Despite the state of our house (we’re still living out of the basement due to floor refinishing) I was still thrilled to be cooking for our Thanksgiving.  The roasted veggies smelled amazing and in the meantime, I prepped the lobster tails.  It was quite simple, really.  I just snipped up the sides of the lobster tail and snipped up the belly side of the shell, removing it and exposing the flesh.  A little salt, pepper, and olive oil and voilà

I wrapped the lobster tails in foil packets and after the butternut squash mixture was sufficiently roasted, I removed it, and into the oven they went!  Before I knew it, the soup had been puréed, the lobster was done, and it was only 1:00pm!

The finished product with lobster pieces.  Delicious!

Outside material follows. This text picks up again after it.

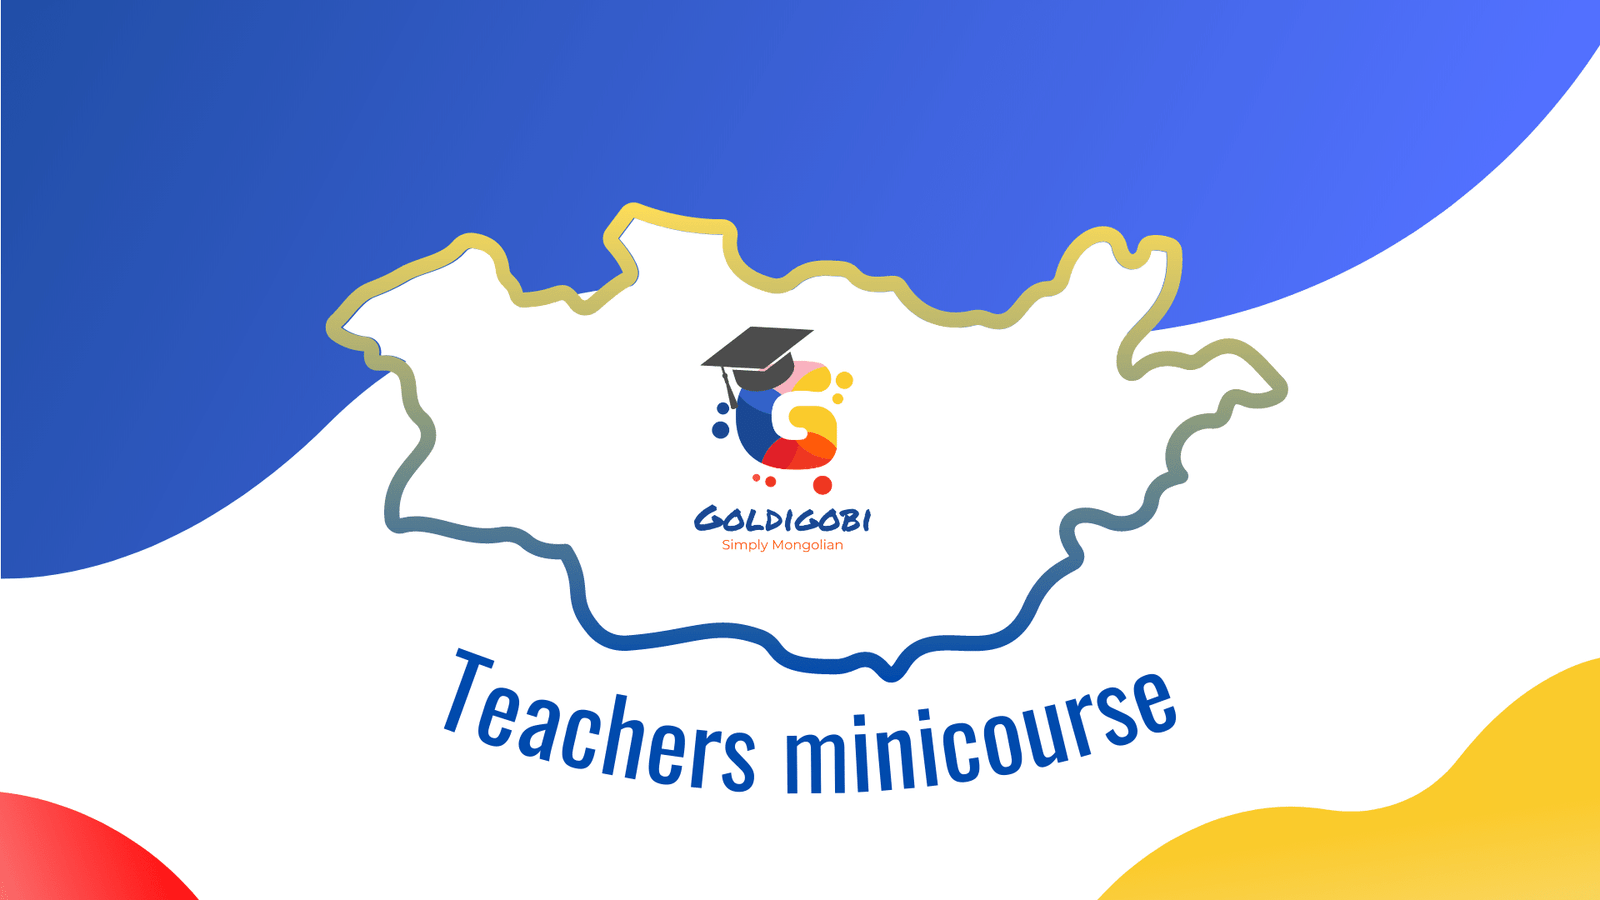 Mongolian Teachers minicourse

As if one dessert wasn’t enough, I went ahead and put together a quick apple tart.  I’ve made them before, but usually labored over the pastry…not this time!  No way!  Into the freezer I went and Eureka! I had a package of puff pastry!  This apple tart is the simplest way to serve a fruit dessert and if you have the right ingredients: apples, puff pastry, butter, and sugar, you should be in business!

I tossed my peeled and cored apples with a few tablespoons of sugar and a few tablespoons of brandy, but the alcohol isn’t necessary.  We all know I like hooch with my food, and I feel that brandy adds a nice element to an apple dessert.  I then layered the apples on the puff pastry, sprinkled it with more sugar, and dotted the apples with cubed butter.  After about an hour in the oven, it was golden brown and gorgeous! 

All in all, I think this non-traditional Thanksgiving went off without a hitch.  Pat prepared a standing rib roast with roasted Brussels sprouts, carrots, and fingerling potatoes.  And Holly prepared a lovely scalloped celery root dish with bacon.  It was a nice change to spend the holiday with close friends and I hope we can all do it again soon.